Наконец мы миновали лощину и по крутому склону поднялись наверх. Здесь нас опять окружала безопасная, открытая степь.
— Даже не верится, мы живые! Я думала, сердце разорвется от страха. Посмотри, как стучит, и Мари, не выпускавшая моей руки, положила ее на свою грудь.
Под моей ладонью застучало что-то маленькое и бойкое.

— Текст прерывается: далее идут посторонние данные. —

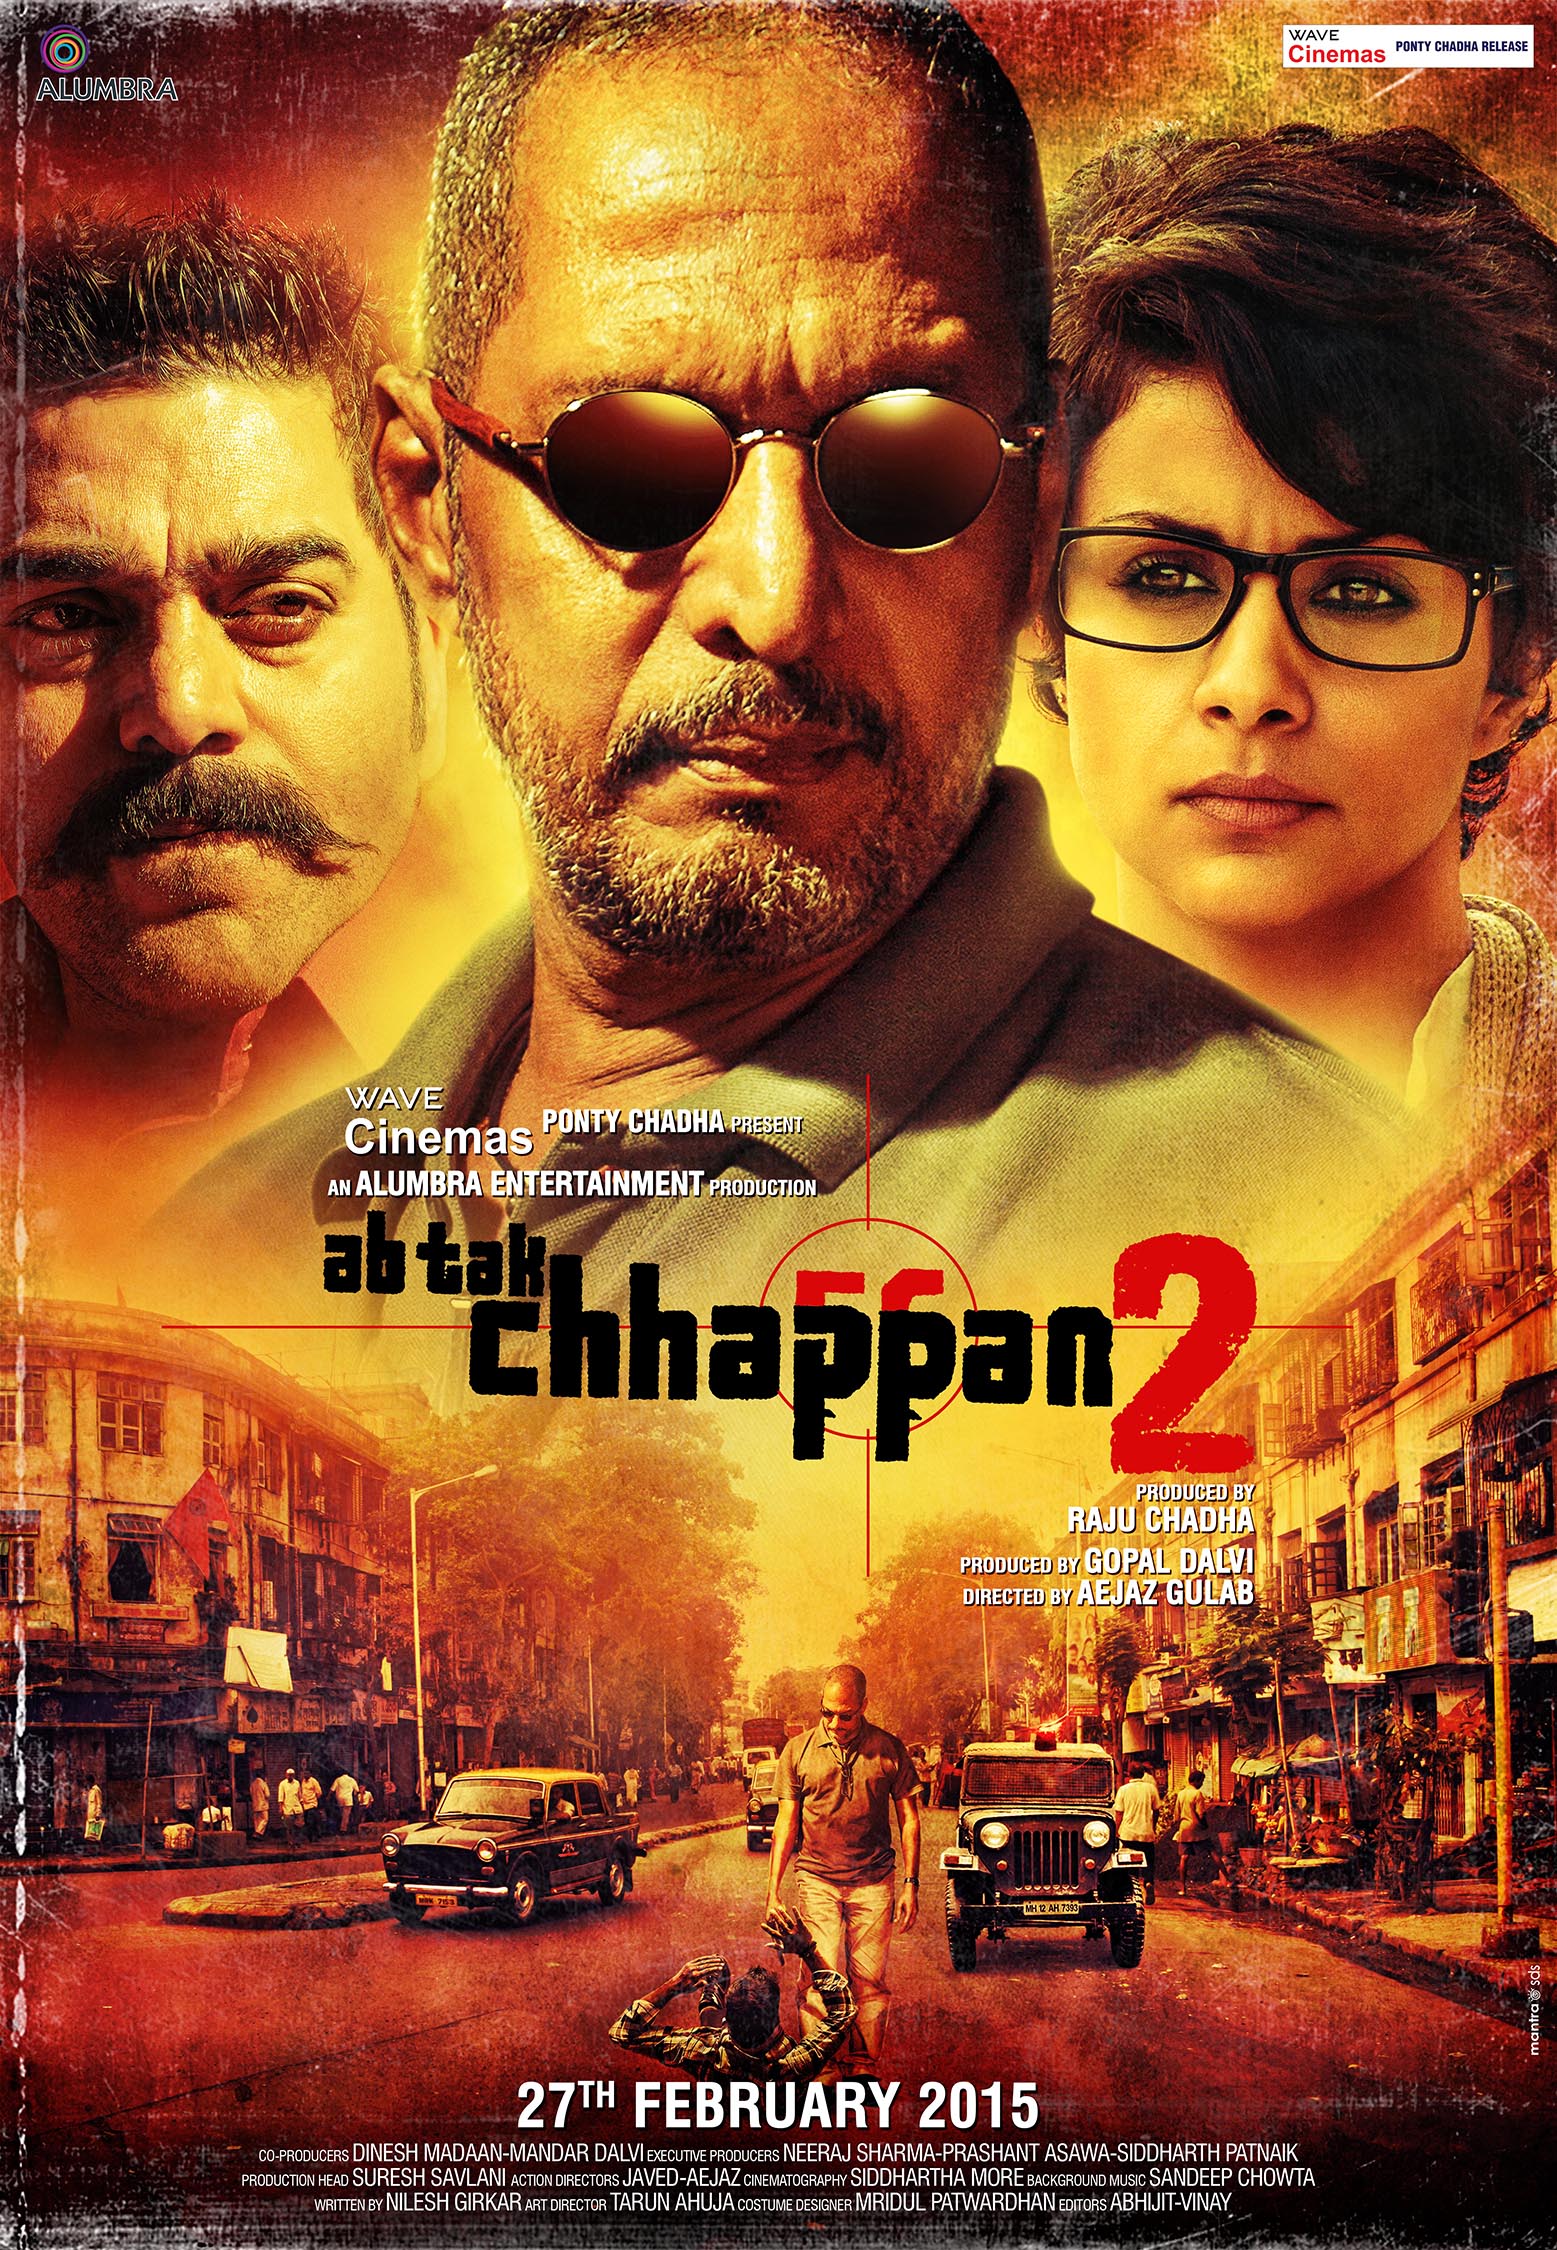 ab-tak-chhappan-2-2015-3051-poster.jpg

— Ну, а теперь я хочу тебе рассказать… — начала она в третий раз и, хотя вокруг, на целый километр, не было ни живой души, огляделась. — А тебе можно верить? — и пристально заглянула мне в глаза.
Я
— По-моему, глаза у тебя честные, ты никому не расскажешь, — сказала она с обидной снисходительностью и таинственно прошептала:- Слушай, я украла пшеницу.
— Ты? — удивился я.
— Тихо! Не кричи. Ну, конечно, я, кто же еще! Насыпала за пазуху — видишь, сколько? Ну, теперь ты понимаешь, почему я не могла быстро ходить? Смотри никому не проговорись. Если узнает уполномоченный из района или Нугман-ага, меня посадят в тюрьму.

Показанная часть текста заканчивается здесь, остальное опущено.